In Zachmann's "Peaceful atoms in agriculture and food: How the politics of the Cold War shaped agricultural research using isotopes and radiation in post war divided Germany" we learn that the Federal Republic of Germany radioisotope distribution started in 1949, under British occupation (the radioisotopes coming from the Atomic Energy Research Establishment at Harwell). Experiments using radiation in medicine, biochemistry, agriculture and biophysics took place in Western Germany at different Max Planck Institutes during those first years. Meanwhile, the situation at the German Democratic Republic suffered from the embargo of British authorities to East Europe. It was not until 1954 that the embargo was lifted as a consequence of the Atoms for Peace initiative, which also had consequences for the repatriation of German nuclear scientists from the USSR to the GDR. However, scientists from East Germany could not attend the radioisotope courses delivered in Harwell until 1959, due to security issues; moreover, radioisotope distribution in this country came from Moscow. This is a clear instance in which the Cold War distinctively shaped the travels of people, materials, and practices across different borders. More permeable travels took place within each block, but the wall between East and West was not completely solid. Starting in 1955 the first shipment from Moscow arrived at the Institute for Agricultural Chemistry in Jena, for studying phosphate fertilizers intake and use in plants. But agricultural research at the GDR was modeled after research originally developed at nutrition science and agriculture centers at the FRG, thus showing that despite the Iron Curtain there was an effective scientific exchange between the two Germanies. Notwithstanding the differences in time and sources, at the end "the institutional structures for atomic and nuclear research were similar in East and West Germany"; in both states the financing in applications in agriculture came exclusively from the federal government, and focused on a small set of problems and applications.

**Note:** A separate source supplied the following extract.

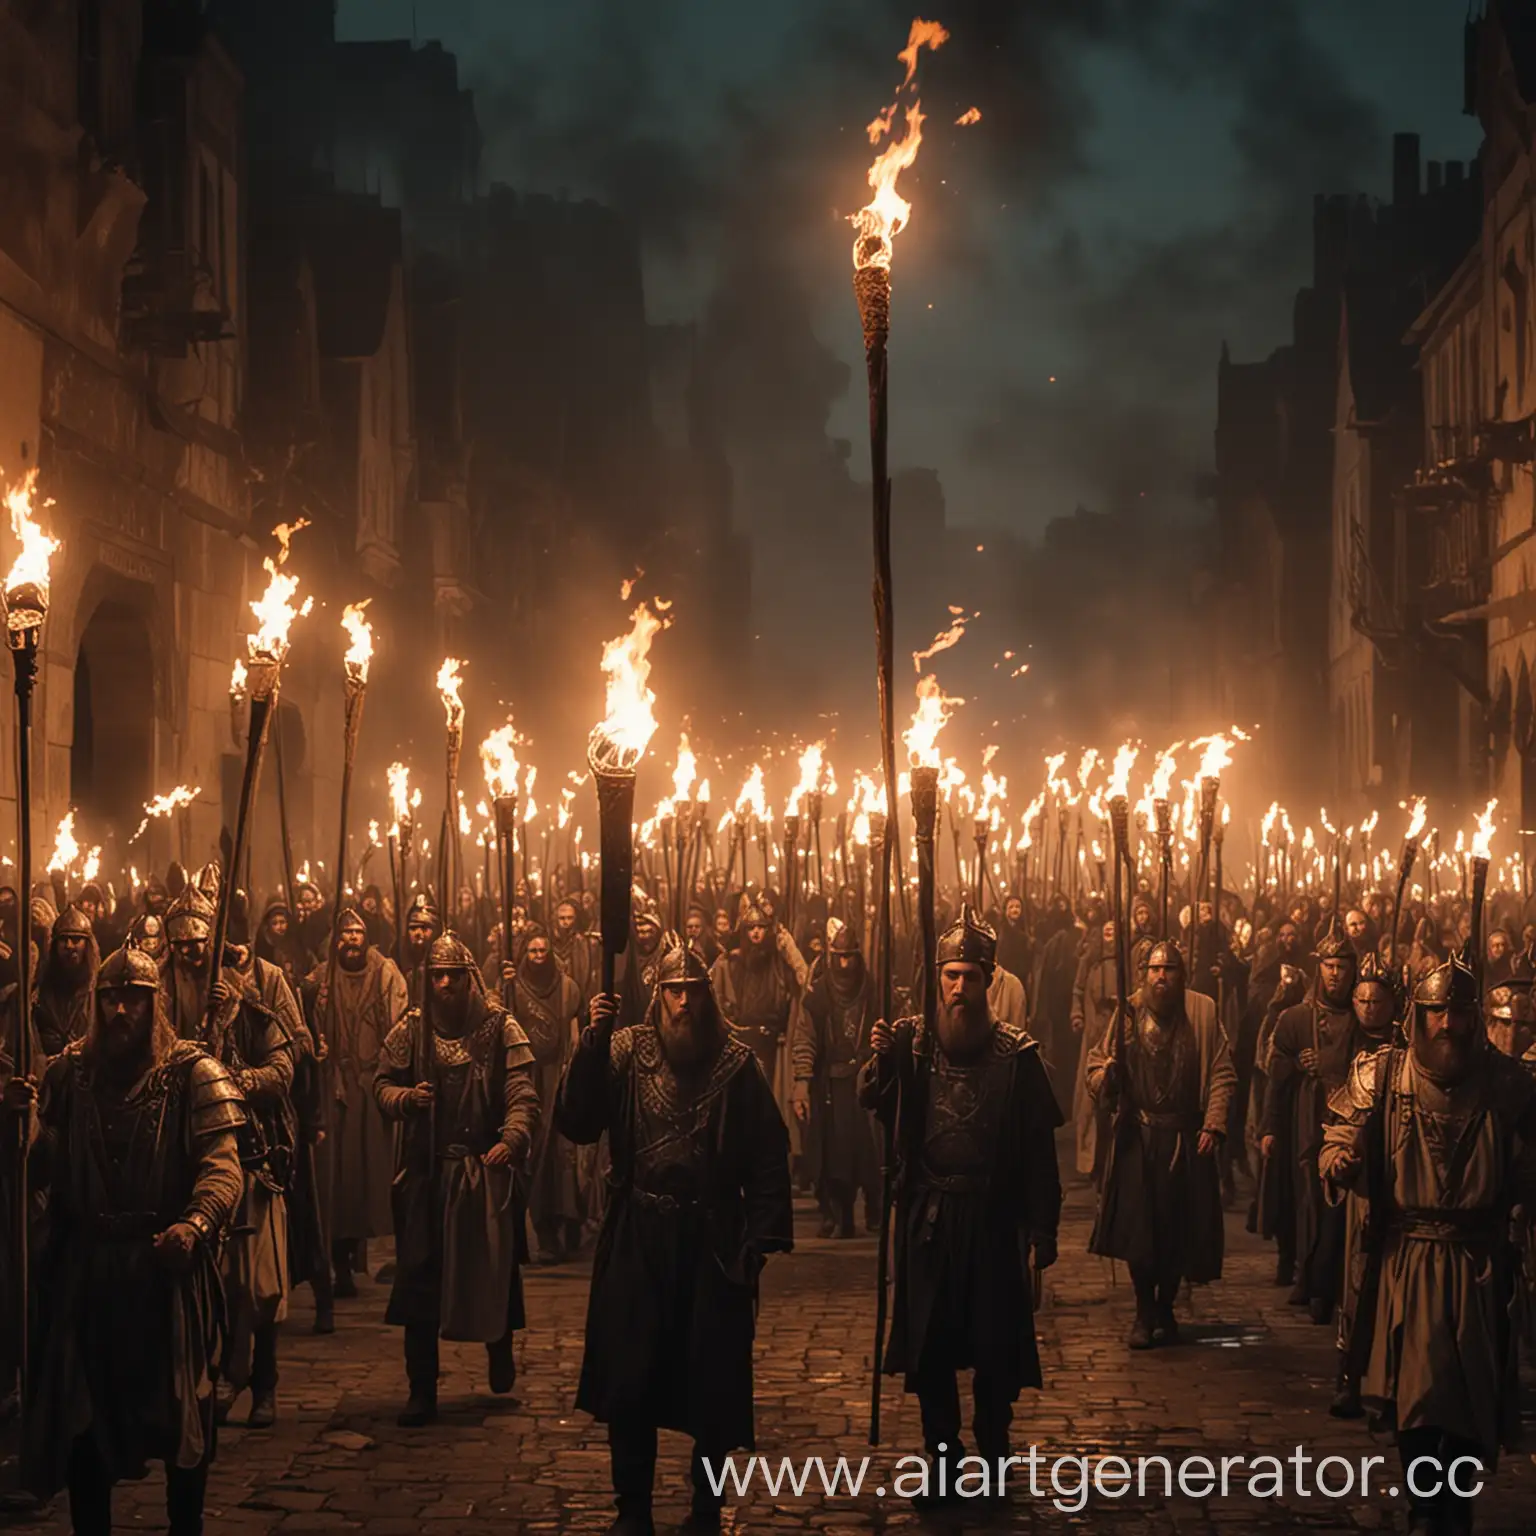 факельное шествие в ночи сынов зари идущих на свержение тирана

Other walls were less visible but not less solid. The relation between Mexico and its northern neighbor has been a historically complex one. The article by Gisela Mateos and Edna Suárez-Díaz on "Clouds, airplanes, trucks and people: carrying radioisotopes to and across Mexico" illustrates how radioisotopes (as commodities and as atomic trash) and people itineraries took place between Mexico and the United States, advancing the not always well-aligned interests of both partners. These radioactive materials shaped and contributed to Mexican nuclearization during the 1950's and 1960's: as in other countries, radioisotopes were distributed to Mexico from Oak Ridge National Laboratory (starting in 1949), but by the late 1950s radioactive fallout became an excuse to train a first generation of radiochemists. Then, by the late 1960s, with the help of the IAEA, Mexico acquired a US-made research reactor, which enabled it to produce most of the national consumption of these materials, to be used in medicine, agriculture, and research. This process took place within a discourse of nationalism and modernity of the Mexican State, in such a way that the uses of nuclear technologies were restricted and intimately related to the neutral and pacifist position of Mexico in the international arena.

Finally, there is the need to reflect on the historical agents of transnational science. The "scientist-diplomat-politician" who played a role in the construction of institutions and interventions across national borders, as well as the institutions that made this possible. Here, history of science comes close to diplomatic history, and the state and the nation are part of the globalization process. Two papers in this dossier deal with these issues. Ana Barahona's paper on "Transnational science and collaborative networks. The case of Genetics and Radiobiology in Mexico, 1950-1970" shows the role played by Mexican physician-turned-geneticist Alfonso León de Garay in the foundation of the first Radiobiology and Genetics Program (PGR) in the country due to his belonging to an international network on human genetics as well as to the Mexican scientific elite of the 1960s. De Garay's work cannot be understood without paying attention to the development of nuclear physics and the creation of the National Nuclear Energy Commission under the auspices of the IAEA, and to the international movement towards the pacific uses of nuclear energy. This paper shows how de Garay, while studying in London at the Galton Laboratory was acquainted with the pioneers of nuclear physics in Mexico who were promoting and negotiating the creation of a National Nuclear Center with federal funds, and who prompted him to return to Mexico to found the PGR. The analysis of scientific networks that de Garay belonged to, indicates the authority that this conferred upon him at a local level to further his interests and pursue his personal agenda. It also allowed him to promote his ideas outside of local geographical boundaries thanks to the moral and epistemic authority he had acquired by studying abroad, and through his personal relationships.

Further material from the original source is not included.